I notice the Clipper Card-less rider phenomenon more on the south side than elsewhere in the city, and especially at the eastbound Balboa Park bus pad and at various stops on Mission Street. On the last day chronicled by my log, December 30, I was delighted to be joined on a northbound 14L by two fare inspectors, and to proffer my Clipper card to one.

That was the third time in nearly three and a half years that my Clipper card has been checked while riding SFMTA. Three fare checks, in three and a half years of regular rides.

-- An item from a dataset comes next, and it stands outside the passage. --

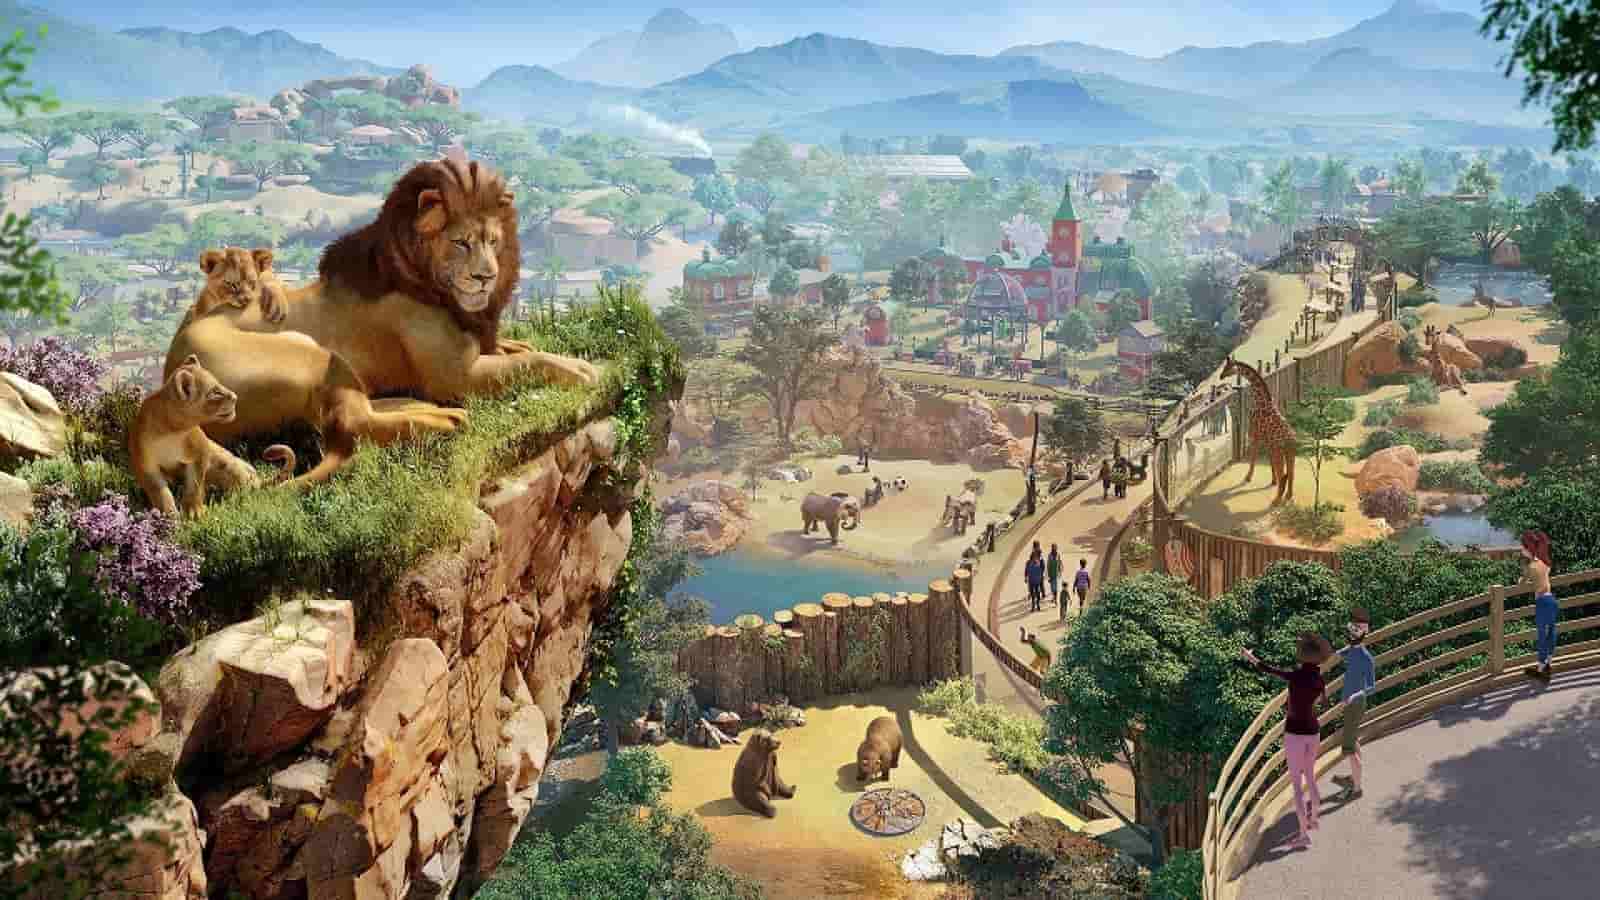 Is Planet Zoo Coming To PS4 Or PS5 In 2021? - PlayStation Universe

Why do I care? Partly because it grates to be joined on a jammed bus by freeloaders, but mostly because it’s so absurd, dysfunctional, indicative of either helpless or incompetent leadership. A transit agency may be a public sector enterprise dependent on public support, but it’s still a business, like a laundromat or a hardware store, and is supposed to justify its balance sheet to taxpayers. Letting potential clients steal heaps and heaps of what you sell makes for an unusual business model.

Overall

I saw examples of the downside of transit riding. Passengers on one outbound 29 were serenaded with bellowed obscenities for several miles by a mentally unstable passenger. On July 17, a teenager lost a cell phone at knife point to two crooks on the 54. I didn’t see the robbery, but did see how bravely the youth fought for composure while reporting the crime to the driver. (Who quietly assured him that she has a teenage son of her own at home, and cares; she called SFPD.)

The boom box seems to have come back in style, unfortunately. I had to listen to a few on Muni buses. I didn’t deal with many transit delays, but wouldn’t have wanted to explain them to an employer. And I’ll note once more that I’d sing a different tune in this post if I rode a rush hour 14 or 8X every day.

With all that said: I will stop sneering at SFMTA so lustily, and will use a new word in describing transit services here:

They’re okay.

Not good. Certainly not excellent. But not horrible, either. They’re okay. Ridiculous fare evasion on the south side, but still: okay.

There may be hope. I shall edit my Flickr posts of the graffiti’d 14s.

For the superstitious among you: I understand that I have likely outraged some primordial force in the city’s psychic substratum by writing anything nice about Muni, and will likely pay for it by boarding a ride from hell in the days ahead. I am still done with my record keeping, and won’t re-open my log unless I notice a significant change for the worse. I hope I don’t have to.